(RECORDED DATA Opens)

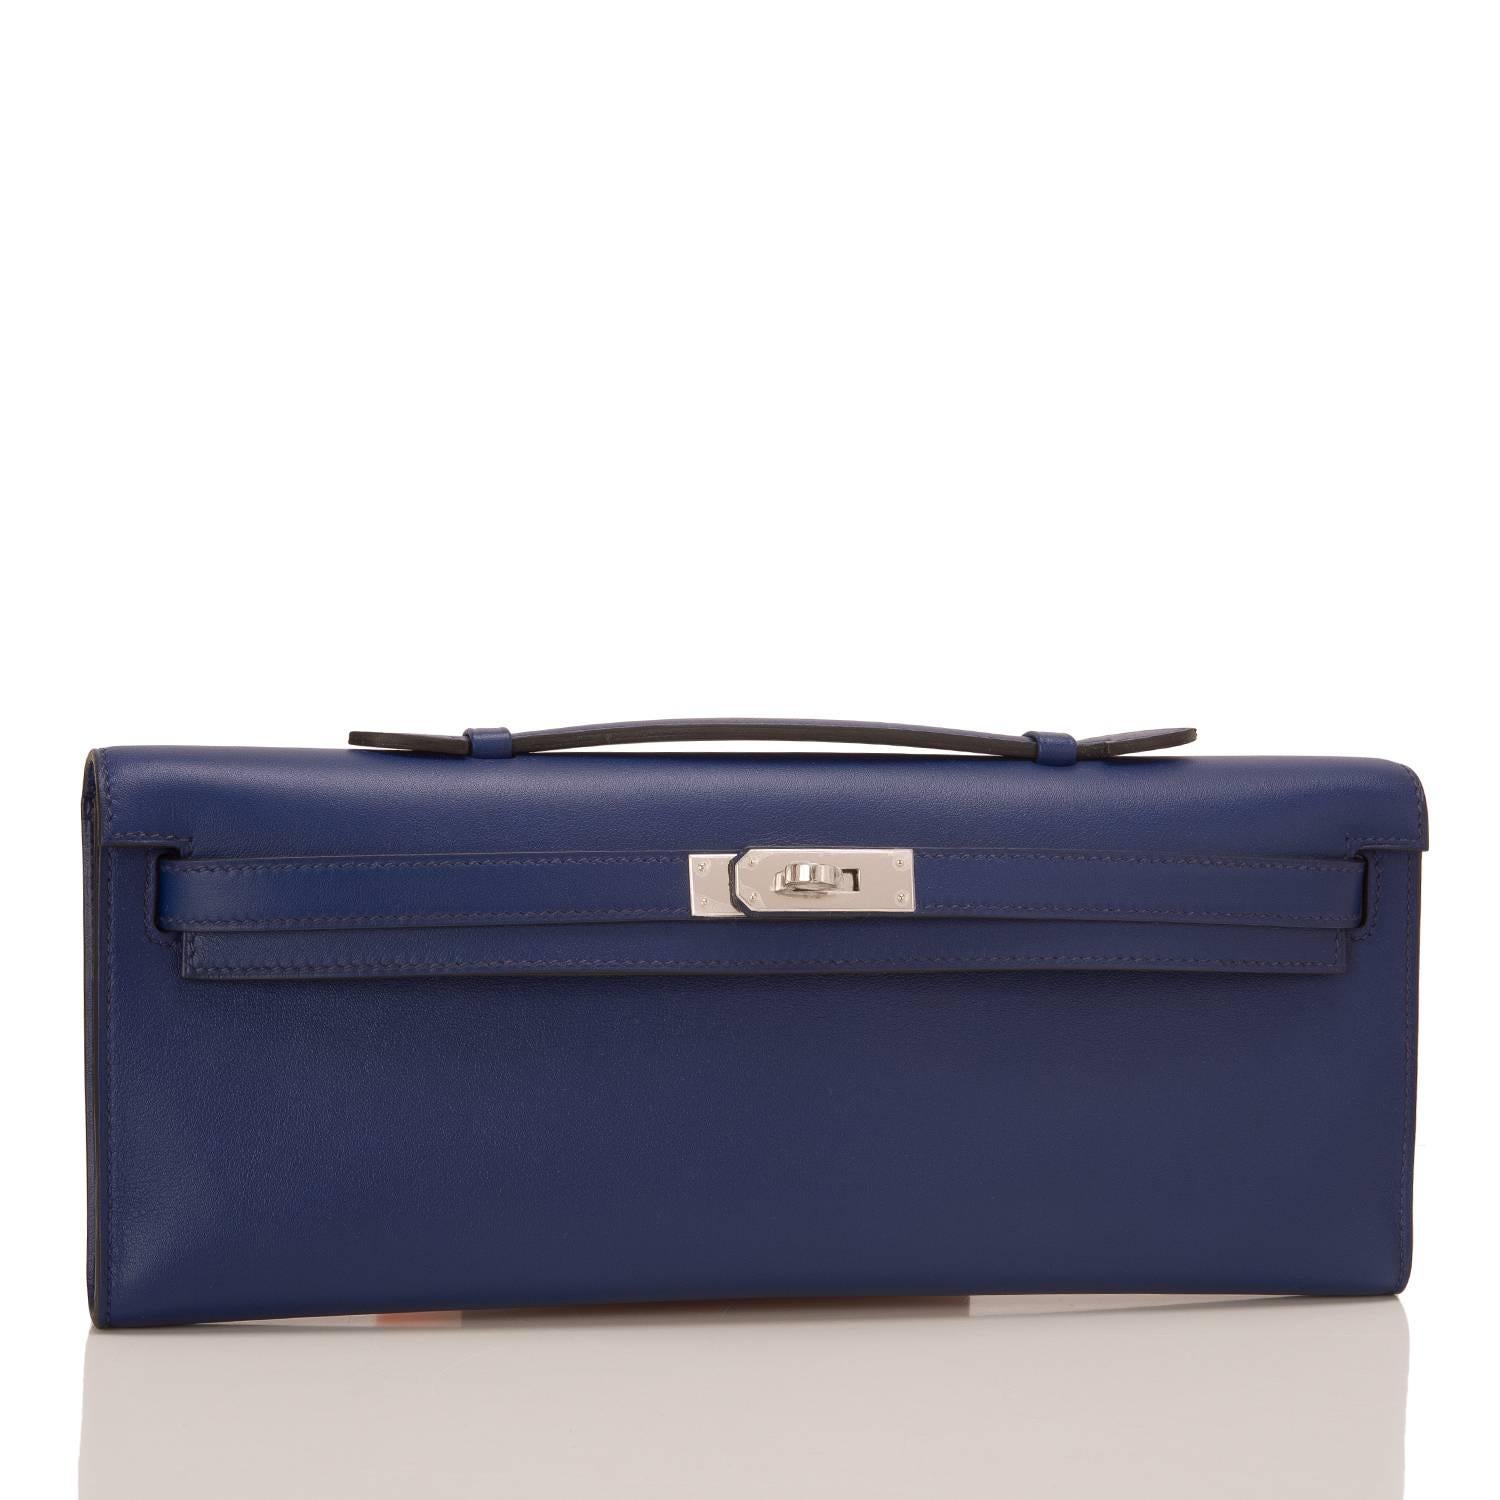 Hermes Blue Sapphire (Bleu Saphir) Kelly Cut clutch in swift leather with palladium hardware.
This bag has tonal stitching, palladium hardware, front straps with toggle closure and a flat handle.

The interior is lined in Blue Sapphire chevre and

(RECORDED DATA Closes)

- **YOUR TASK**
The lines from the one holding "This bag has" through the end of the listing above are to be written out exactly, both ends included, and no others.

- **RESPONSE**
This bag has tonal stitching, palladium hardware, front straps with toggle closure and a flat handle.

The interior is lined in Blue Sapphire chevre and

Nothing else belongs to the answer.